→ **Exercise aim**: Without any pictures, print the lines below from the one that has "Crazy shell lady t-shirt design" through the one that has "U-LEAD and Brave", exactly and nothing else.

→ **Input**:
=====
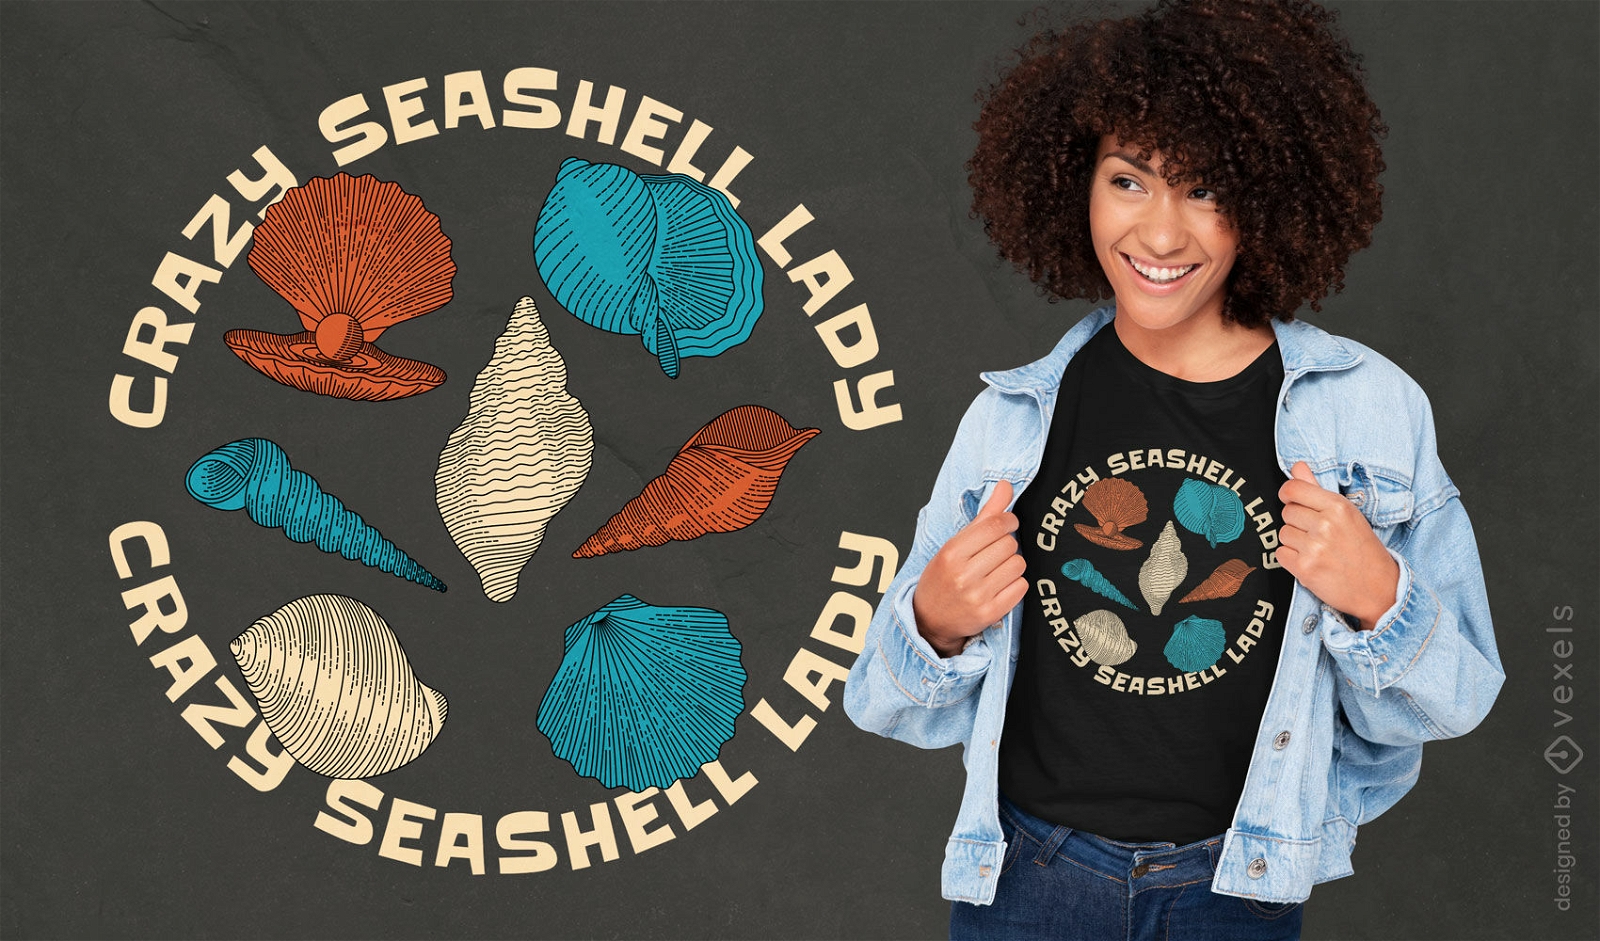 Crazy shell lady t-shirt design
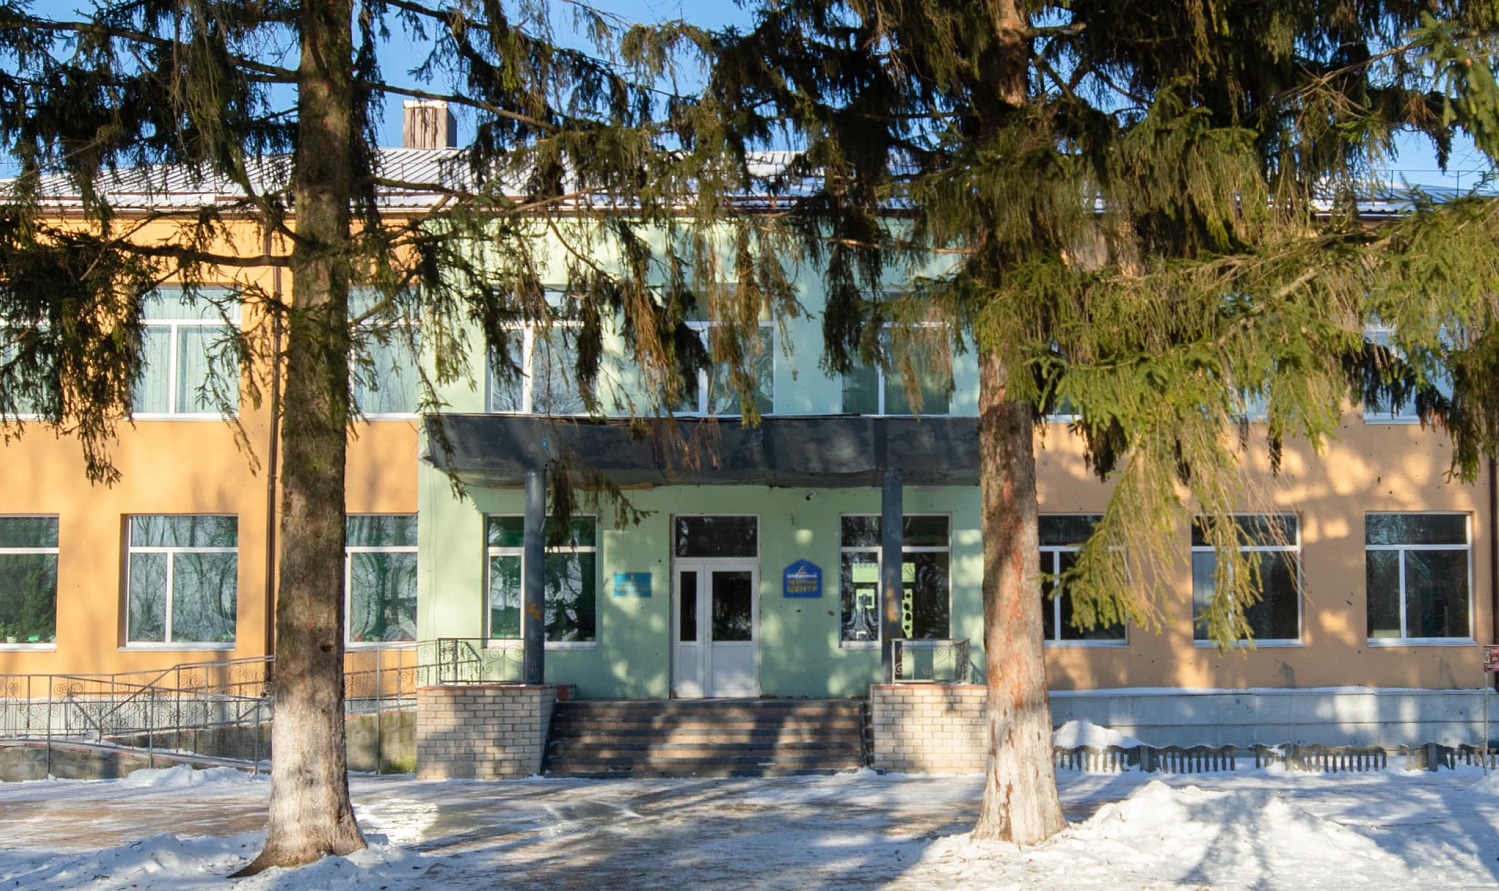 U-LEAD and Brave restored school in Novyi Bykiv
=====
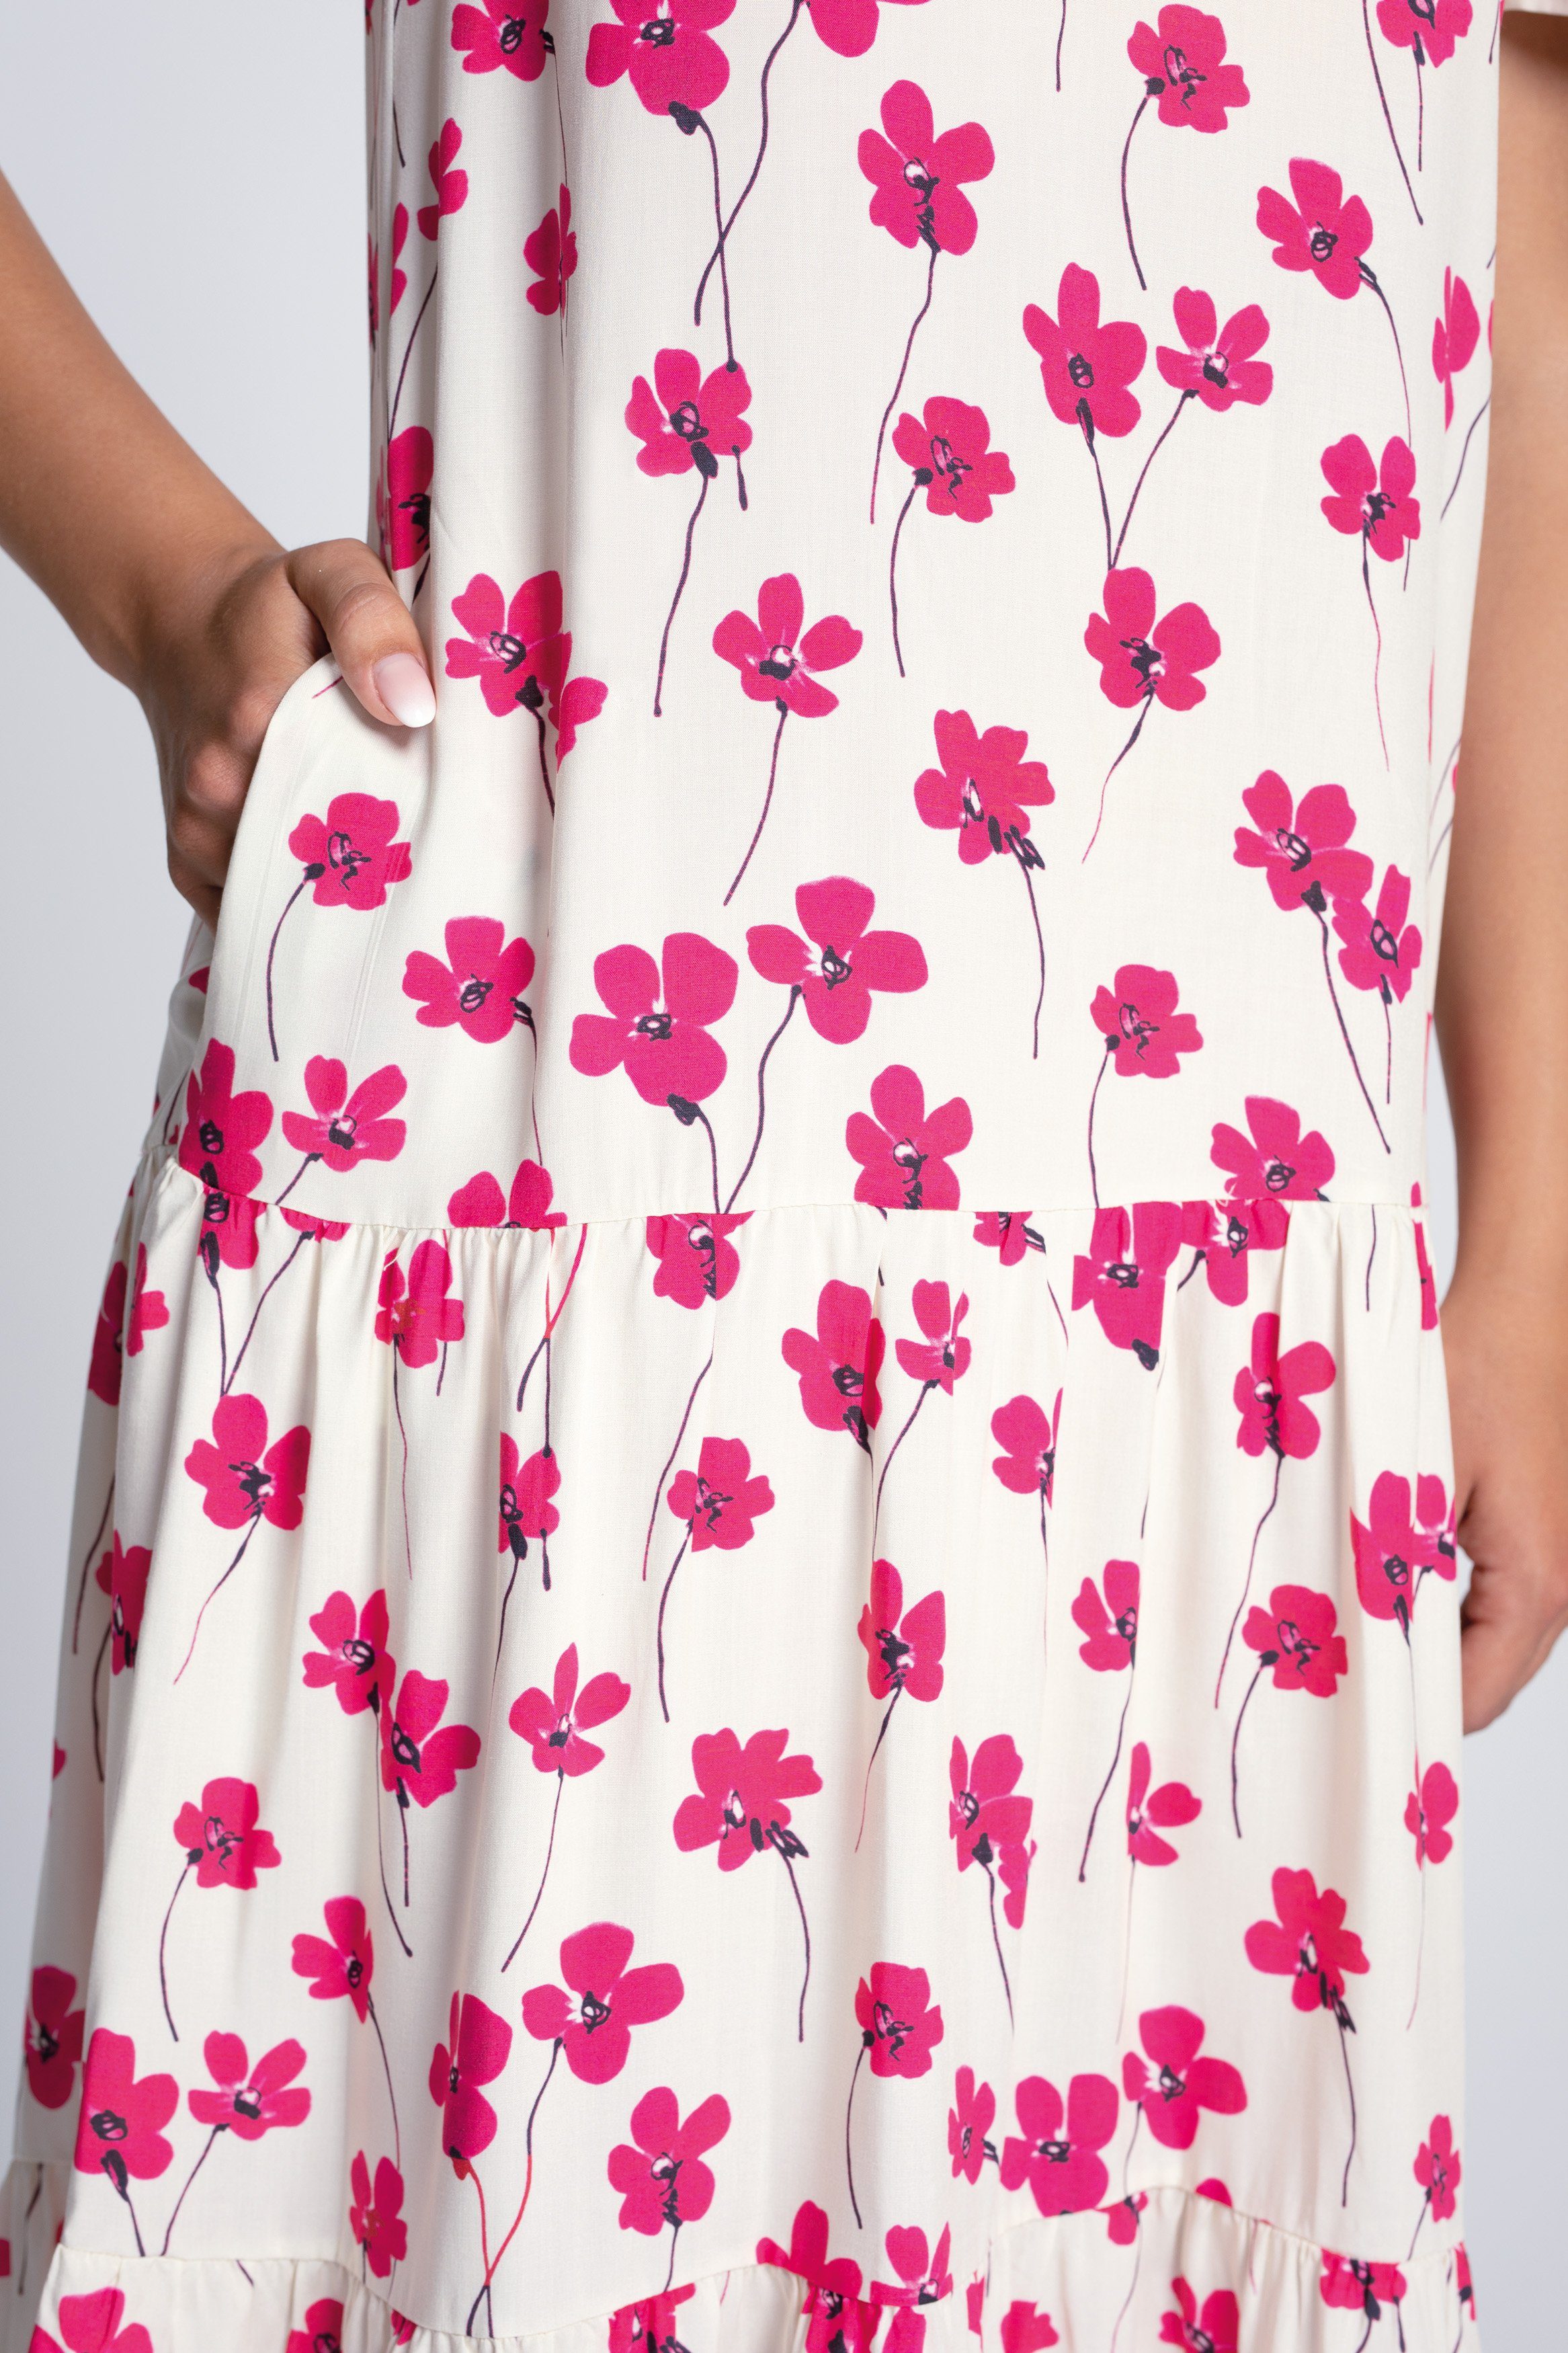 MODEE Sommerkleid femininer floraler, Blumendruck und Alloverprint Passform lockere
=====
→ **Task response**:
 Crazy shell lady t-shirt design
 U-LEAD and Brave restored school in Novyi Bykiv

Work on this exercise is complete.